━━━━━ The data

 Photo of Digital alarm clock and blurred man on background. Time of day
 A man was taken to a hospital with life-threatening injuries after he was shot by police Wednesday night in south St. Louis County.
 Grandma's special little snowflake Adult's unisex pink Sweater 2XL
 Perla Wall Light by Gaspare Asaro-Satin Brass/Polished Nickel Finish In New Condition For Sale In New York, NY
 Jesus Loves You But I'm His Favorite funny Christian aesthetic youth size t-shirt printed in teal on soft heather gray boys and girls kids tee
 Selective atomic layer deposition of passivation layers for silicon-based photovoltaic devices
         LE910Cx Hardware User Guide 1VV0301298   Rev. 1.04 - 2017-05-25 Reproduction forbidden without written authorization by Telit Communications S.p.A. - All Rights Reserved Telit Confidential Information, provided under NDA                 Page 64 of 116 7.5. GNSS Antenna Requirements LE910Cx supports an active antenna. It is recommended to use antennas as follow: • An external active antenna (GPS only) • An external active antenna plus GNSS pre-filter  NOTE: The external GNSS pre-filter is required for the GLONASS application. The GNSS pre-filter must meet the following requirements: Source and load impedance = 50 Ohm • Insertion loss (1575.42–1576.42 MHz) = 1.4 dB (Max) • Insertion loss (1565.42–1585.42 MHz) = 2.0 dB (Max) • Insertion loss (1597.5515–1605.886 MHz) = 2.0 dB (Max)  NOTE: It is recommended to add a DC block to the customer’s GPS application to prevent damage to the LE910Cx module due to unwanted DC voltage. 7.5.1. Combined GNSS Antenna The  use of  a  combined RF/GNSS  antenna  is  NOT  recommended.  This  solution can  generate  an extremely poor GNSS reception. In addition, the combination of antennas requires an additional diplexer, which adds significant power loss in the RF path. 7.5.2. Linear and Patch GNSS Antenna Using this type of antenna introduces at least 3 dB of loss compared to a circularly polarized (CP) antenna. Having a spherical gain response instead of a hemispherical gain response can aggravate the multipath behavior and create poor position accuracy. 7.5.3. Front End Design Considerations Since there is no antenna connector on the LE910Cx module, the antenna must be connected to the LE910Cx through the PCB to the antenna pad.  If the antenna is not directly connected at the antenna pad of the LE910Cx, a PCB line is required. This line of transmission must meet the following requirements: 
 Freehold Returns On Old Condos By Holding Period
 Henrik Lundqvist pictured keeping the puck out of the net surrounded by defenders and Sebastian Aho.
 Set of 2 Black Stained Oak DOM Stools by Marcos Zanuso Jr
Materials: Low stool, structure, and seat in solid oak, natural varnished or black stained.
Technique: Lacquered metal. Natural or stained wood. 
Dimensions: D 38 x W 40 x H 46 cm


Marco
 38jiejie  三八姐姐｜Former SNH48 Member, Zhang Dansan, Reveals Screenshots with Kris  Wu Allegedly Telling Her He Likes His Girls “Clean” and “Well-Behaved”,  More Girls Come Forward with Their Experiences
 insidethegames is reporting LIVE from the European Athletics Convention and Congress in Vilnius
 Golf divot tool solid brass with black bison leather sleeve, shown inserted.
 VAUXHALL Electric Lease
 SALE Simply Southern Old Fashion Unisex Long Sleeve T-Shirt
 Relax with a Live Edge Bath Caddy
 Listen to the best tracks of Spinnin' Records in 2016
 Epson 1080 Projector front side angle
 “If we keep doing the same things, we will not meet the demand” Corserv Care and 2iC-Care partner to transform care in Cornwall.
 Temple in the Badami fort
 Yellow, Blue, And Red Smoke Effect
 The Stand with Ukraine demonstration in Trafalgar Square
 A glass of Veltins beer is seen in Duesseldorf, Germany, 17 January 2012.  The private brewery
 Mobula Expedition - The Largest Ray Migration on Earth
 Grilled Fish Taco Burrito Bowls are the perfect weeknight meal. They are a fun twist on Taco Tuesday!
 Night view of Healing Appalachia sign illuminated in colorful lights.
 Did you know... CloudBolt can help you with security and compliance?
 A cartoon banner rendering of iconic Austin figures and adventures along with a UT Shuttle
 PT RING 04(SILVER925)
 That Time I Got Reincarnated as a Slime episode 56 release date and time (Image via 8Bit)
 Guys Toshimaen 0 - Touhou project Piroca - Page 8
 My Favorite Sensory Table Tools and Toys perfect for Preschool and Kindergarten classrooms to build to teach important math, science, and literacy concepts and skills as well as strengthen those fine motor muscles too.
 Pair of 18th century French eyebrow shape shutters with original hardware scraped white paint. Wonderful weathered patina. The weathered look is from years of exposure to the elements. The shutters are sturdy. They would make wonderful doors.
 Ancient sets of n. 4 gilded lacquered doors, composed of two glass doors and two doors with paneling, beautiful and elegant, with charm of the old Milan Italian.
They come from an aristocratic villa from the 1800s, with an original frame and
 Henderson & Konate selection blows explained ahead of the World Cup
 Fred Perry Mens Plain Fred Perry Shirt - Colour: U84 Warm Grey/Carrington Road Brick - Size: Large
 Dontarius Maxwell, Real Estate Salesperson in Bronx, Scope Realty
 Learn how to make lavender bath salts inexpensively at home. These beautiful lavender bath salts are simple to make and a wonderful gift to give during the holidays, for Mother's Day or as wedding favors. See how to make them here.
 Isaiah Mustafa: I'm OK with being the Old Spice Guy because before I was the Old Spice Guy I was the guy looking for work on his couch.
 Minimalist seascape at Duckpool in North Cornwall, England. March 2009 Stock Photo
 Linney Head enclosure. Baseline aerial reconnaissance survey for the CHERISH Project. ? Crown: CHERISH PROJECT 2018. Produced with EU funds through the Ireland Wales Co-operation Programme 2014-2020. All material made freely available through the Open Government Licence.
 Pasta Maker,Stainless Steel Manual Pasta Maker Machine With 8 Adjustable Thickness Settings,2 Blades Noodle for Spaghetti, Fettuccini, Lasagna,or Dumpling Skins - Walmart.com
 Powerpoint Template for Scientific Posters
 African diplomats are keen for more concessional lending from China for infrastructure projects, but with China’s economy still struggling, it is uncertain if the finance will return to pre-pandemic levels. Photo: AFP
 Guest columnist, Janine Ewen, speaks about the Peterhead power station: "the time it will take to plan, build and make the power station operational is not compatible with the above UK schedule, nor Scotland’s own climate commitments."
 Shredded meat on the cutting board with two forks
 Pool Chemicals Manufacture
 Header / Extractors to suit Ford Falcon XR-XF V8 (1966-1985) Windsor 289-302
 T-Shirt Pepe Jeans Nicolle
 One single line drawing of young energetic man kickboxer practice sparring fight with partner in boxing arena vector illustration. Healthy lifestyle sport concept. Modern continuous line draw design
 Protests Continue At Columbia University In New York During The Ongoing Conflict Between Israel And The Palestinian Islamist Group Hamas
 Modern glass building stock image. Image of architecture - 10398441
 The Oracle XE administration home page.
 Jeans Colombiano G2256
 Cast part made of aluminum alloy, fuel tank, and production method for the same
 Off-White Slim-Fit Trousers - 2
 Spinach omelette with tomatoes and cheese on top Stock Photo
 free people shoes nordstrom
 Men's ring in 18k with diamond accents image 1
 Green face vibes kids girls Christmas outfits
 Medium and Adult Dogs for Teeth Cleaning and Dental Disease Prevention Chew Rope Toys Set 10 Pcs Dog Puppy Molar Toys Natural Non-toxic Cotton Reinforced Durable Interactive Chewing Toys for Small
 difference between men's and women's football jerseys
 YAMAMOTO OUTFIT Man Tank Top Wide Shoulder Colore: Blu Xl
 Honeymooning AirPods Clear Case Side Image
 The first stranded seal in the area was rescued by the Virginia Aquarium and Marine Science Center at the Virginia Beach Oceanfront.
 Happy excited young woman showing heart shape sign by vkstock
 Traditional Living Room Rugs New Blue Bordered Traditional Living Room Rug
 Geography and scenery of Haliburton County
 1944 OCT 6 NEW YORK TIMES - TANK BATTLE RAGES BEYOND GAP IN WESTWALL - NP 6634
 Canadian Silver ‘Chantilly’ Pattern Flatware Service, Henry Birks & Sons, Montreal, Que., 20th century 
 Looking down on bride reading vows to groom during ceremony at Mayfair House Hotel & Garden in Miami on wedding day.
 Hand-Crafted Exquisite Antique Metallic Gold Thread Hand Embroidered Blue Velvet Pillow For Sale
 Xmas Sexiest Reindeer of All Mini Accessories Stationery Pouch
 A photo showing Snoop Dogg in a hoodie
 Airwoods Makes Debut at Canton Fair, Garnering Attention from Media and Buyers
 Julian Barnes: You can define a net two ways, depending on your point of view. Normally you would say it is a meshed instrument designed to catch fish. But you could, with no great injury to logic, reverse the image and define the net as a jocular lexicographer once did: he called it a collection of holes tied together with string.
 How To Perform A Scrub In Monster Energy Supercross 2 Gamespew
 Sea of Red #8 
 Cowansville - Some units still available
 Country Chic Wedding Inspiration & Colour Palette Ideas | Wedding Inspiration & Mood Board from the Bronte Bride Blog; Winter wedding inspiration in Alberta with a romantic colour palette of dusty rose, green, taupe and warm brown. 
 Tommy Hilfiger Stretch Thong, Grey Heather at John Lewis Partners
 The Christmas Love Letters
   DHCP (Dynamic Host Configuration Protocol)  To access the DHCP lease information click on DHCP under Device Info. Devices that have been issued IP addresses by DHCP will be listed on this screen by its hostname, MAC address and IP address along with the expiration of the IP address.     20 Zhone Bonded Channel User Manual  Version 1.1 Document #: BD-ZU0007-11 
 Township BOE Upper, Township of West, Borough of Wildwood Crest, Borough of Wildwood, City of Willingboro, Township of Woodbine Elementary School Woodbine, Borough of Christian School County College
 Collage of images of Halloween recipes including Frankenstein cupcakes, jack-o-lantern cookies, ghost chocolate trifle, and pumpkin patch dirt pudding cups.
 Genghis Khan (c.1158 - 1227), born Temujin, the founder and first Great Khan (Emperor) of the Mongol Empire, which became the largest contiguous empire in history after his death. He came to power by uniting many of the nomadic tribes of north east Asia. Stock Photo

━━━━━━━━━━

Work order: Above are records; repeat only the lines starting at the line with "Temple in the Badami fort" and ending at the line with "Did you know...", exactly as they appear, both included.

Task output:
 Temple in the Badami fort
 Yellow, Blue, And Red Smoke Effect
 The Stand with Ukraine demonstration in Trafalgar Square
 A glass of Veltins beer is seen in Duesseldorf, Germany, 17 January 2012.  The private brewery
 Mobula Expedition - The Largest Ray Migration on Earth
 Grilled Fish Taco Burrito Bowls are the perfect weeknight meal. They are a fun twist on Taco Tuesday!
 Night view of Healing Appalachia sign illuminated in colorful lights.
 Did you know... CloudBolt can help you with security and compliance?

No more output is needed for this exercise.